Hi Anna, We call this popping the clutch in Queen Breeder circles, new queens getting the hang of laying, lay multiple eggs in a cell, so do young vigorous queens. See it all the time when grafting. Some of the best queens in my breeding lines still do it and two years old.
This myth has continued mostly because it was started by L.L. Langstroth and he was seldom wrong. But in this case, I’m quite sure he’s wrong. I have opened many a mating nuc with no smoke looking for queens and been hard pressed to find any bees that don’t have their head in a cell sucking up nectar. I see no difference as far as bees with their heads in cells and the use of smoke or the lack of the use of smoke. I think smoke works because it interferes with their sense of smell which interferes with raising the alarm.
As far as “smoking them well” I think that’s a matter of “just right” rather than “enough”. A little smoke works better than a lot of smoke, but a little smoke works worlds better than no smoke.
I have one more question. In another hive of mine that is queenless right now I’ve bee. Advised to sprinkle the bees into the other weaker hives for the winter and then split them come summer and force a queen. Could you just add the box of bees just on top of the other hive? Or would this cause problems?

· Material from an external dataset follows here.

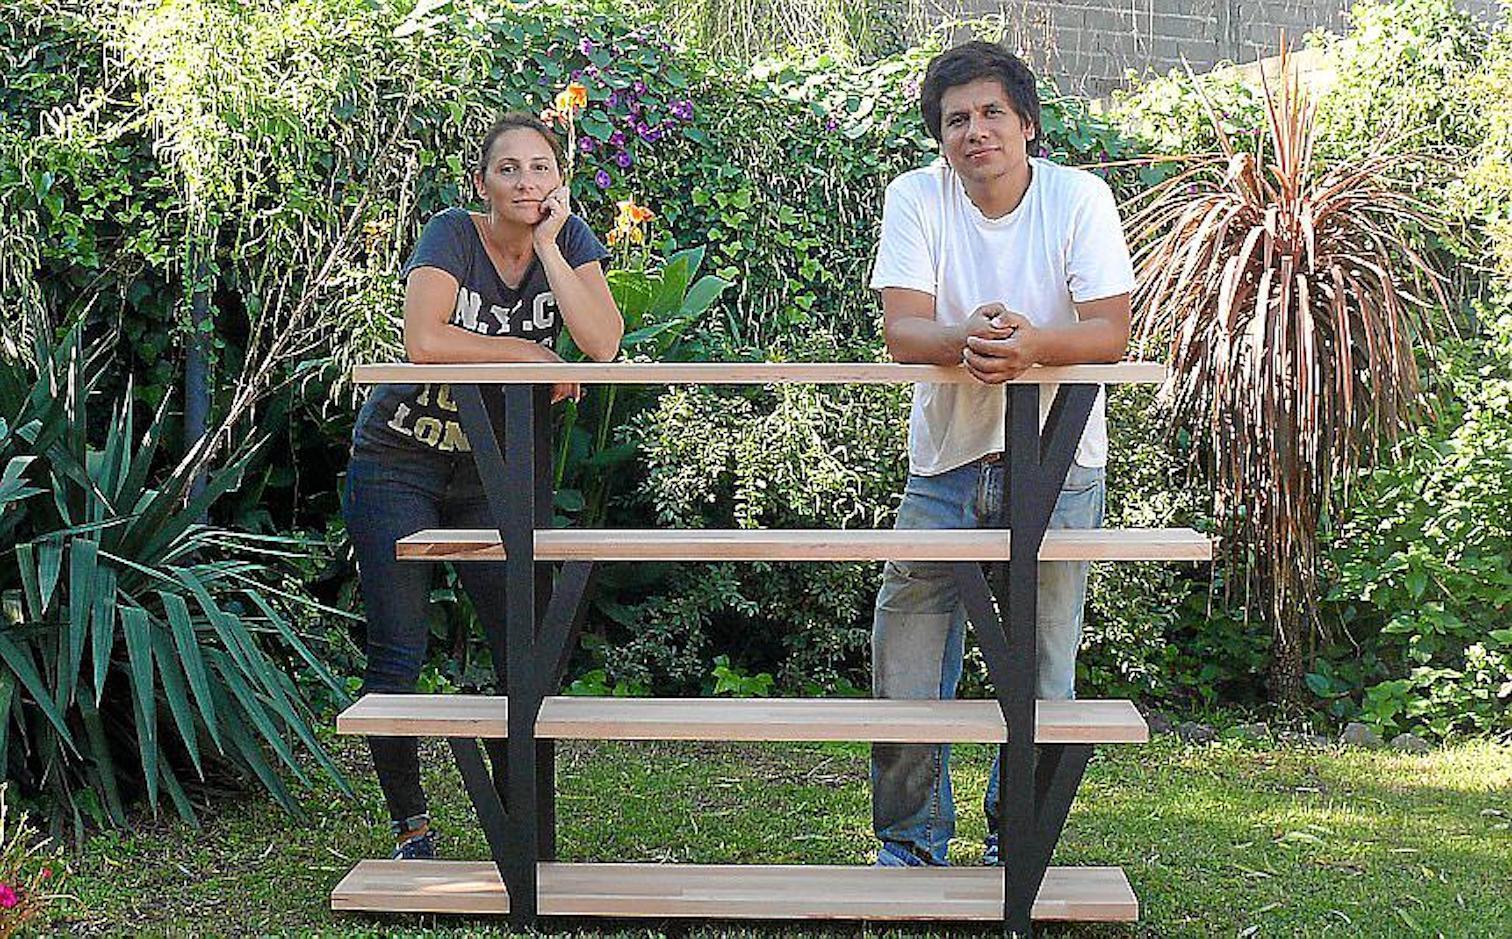 Evangelina Ducon & Lucio Peralta.
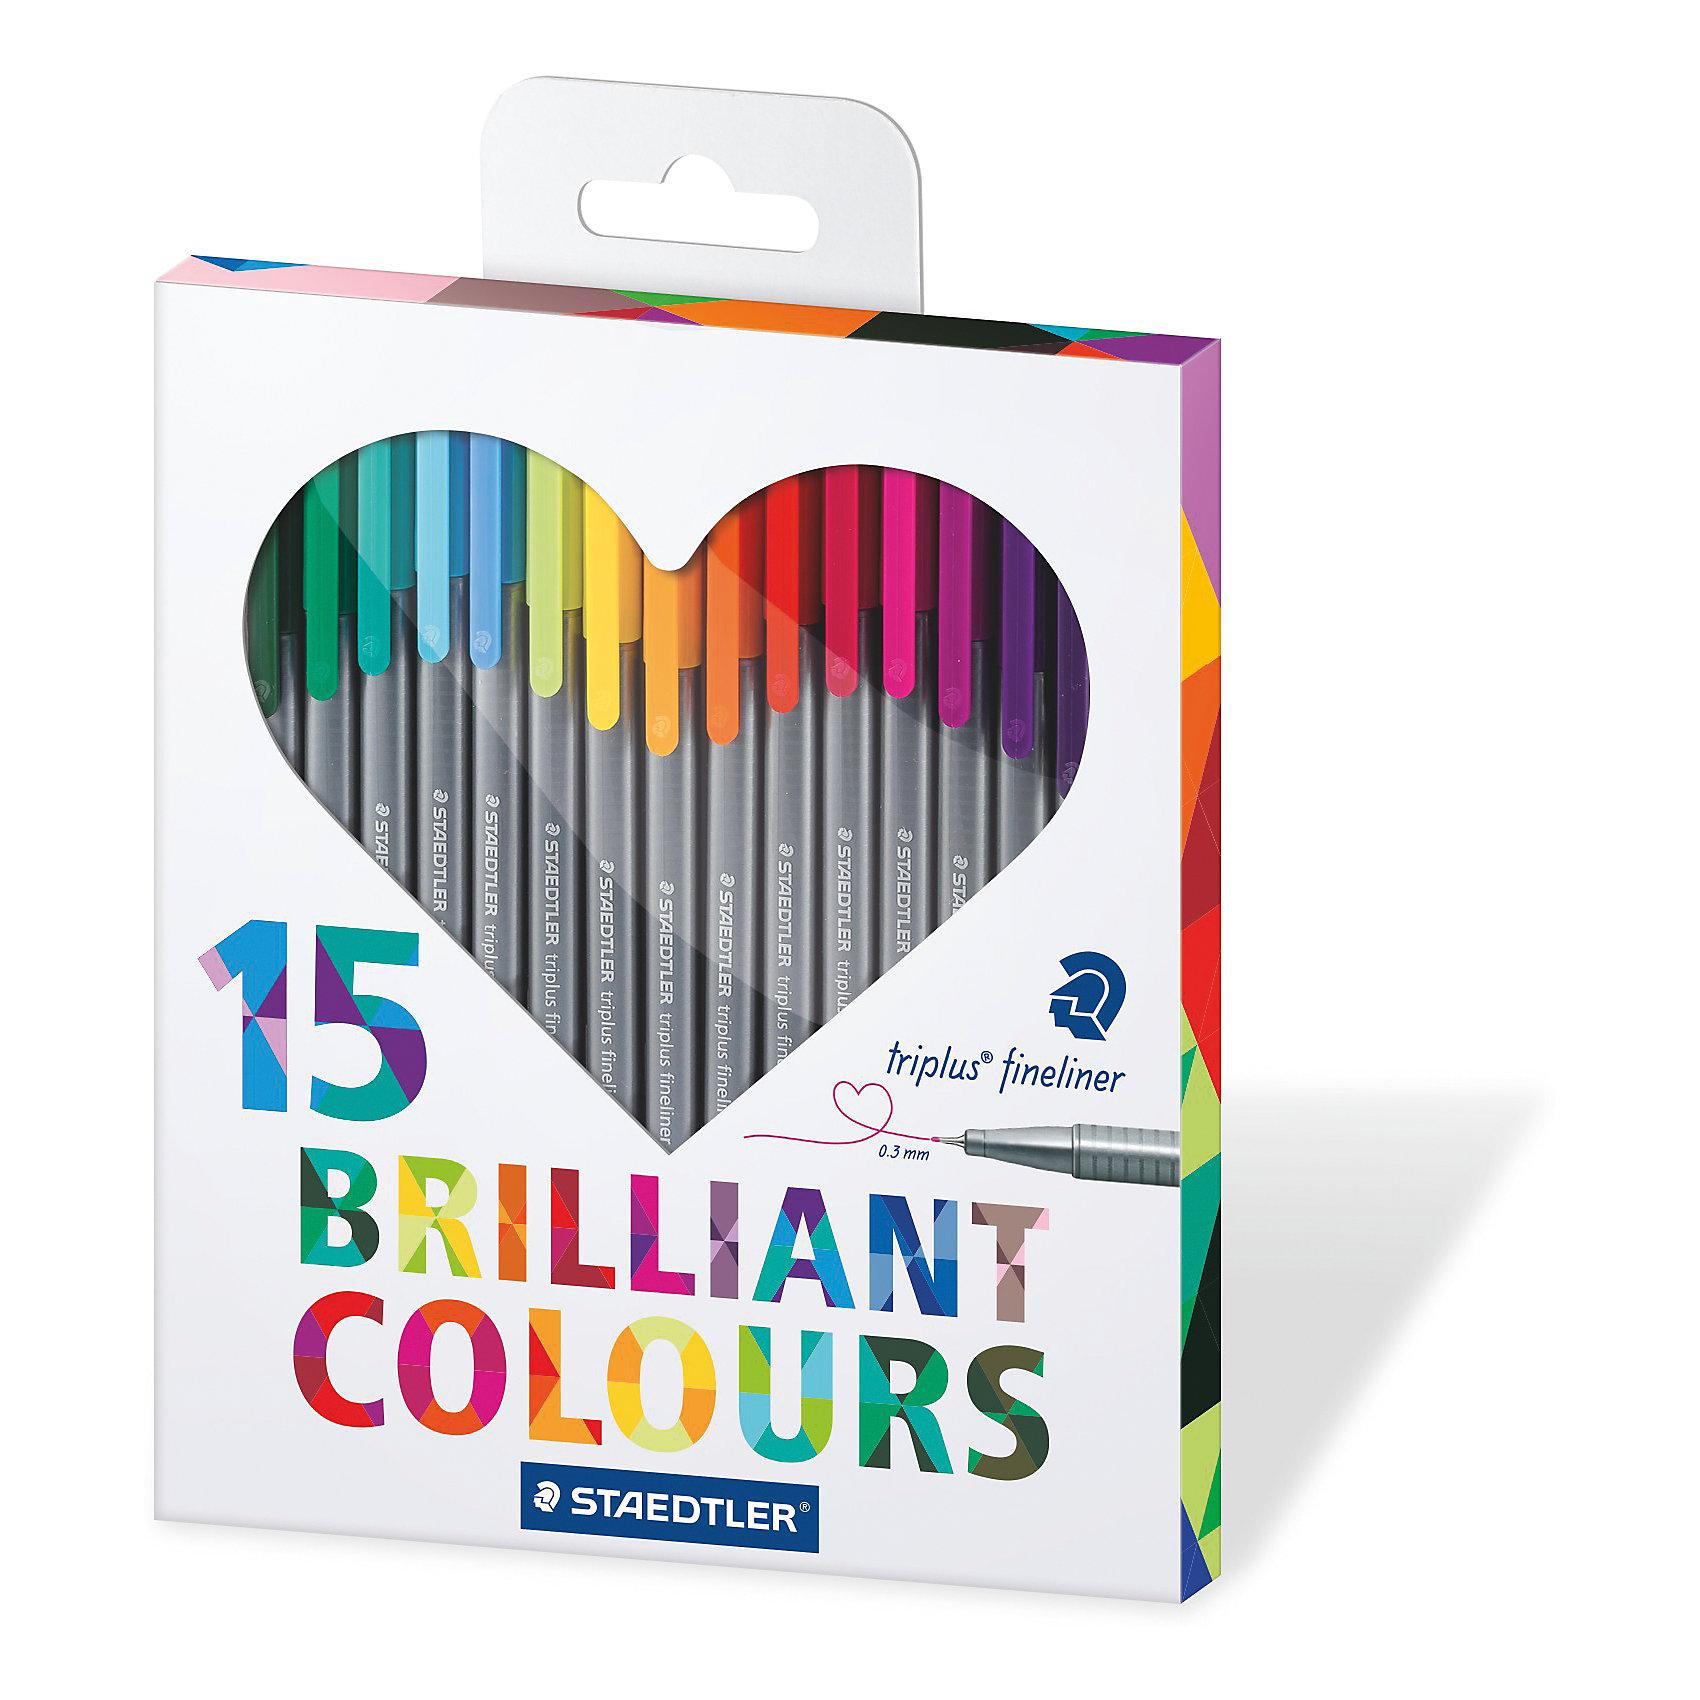 Набор капиллярных ручек Triplus, 15 цветов, StaedtlerПисьменные принадлежности<br>Набор капиллярных ручек Triplus, 15 цветов, Staedtler (Штедлер).<br><br>Характеристики:<br><br>• Для детей в возрасте: от 5 лет<br>• В наборе: 15 разноцветных ручек<br>• Яркие цвета<br>• Цвет чернил соответствует цвету колпачка и заглушки<br>• Чернила на водной основе<br>• Отстирывается с большинства тканей<br>• Материал корпуса: полипропилен<br>• Толщина линии: 0,3 мм.<br>• Упаковка: картонная коробка с европодвесом<br>• Размер упаковки: 205х171х15 мм.<br>• Вес: 196 гр.<br><br>Набор трехгранных капиллярных ручек Triplus ® fineliner в картонной упаковке с европодвесом идеально подходит как для письма и работы с документами, так и для творчества. Эргономичная форма обеспечивает комфортное письмо без усилий и усталости. Супертонкий и особо прочный металлический наконечник гарантирует мягкое и плавное письмо. Уникальная система позволяет оставлять ручку без колпачка на несколько дней без угрозы высыхания (тест ISO). Корпус из полипропилена и большой запас чернил гарантирует долгий срок службы.<br><br>Набор капиллярных ручек Triplus, 15 цветов, Staedtler (Штедлер) можно купить в нашем интернет-магазине.<br><br>Ширина мм: 207<br>Глубина мм: 170<br>Высота мм: 150<br>Вес г: 200<br>Возраст от месяцев: 60<br>Возраст до месяцев: 2147483647<br>Пол: Унисекс<br>Возраст: Детский<br>SKU: 5529998

You can’t just tip bees from one box into another. They will fight.
The traditional way is to unite the boxes through a couple of layers of newspaper.
I have never tried it but a quick spray of air freshener into each box then put one box over the other is said to work.
One thing to understand is that uniting two weak hives will just give you one weak hive. You still have just the one queen laying. You are far better giving a good colony a boost of spare bees by uniting a weak colony with a strong one.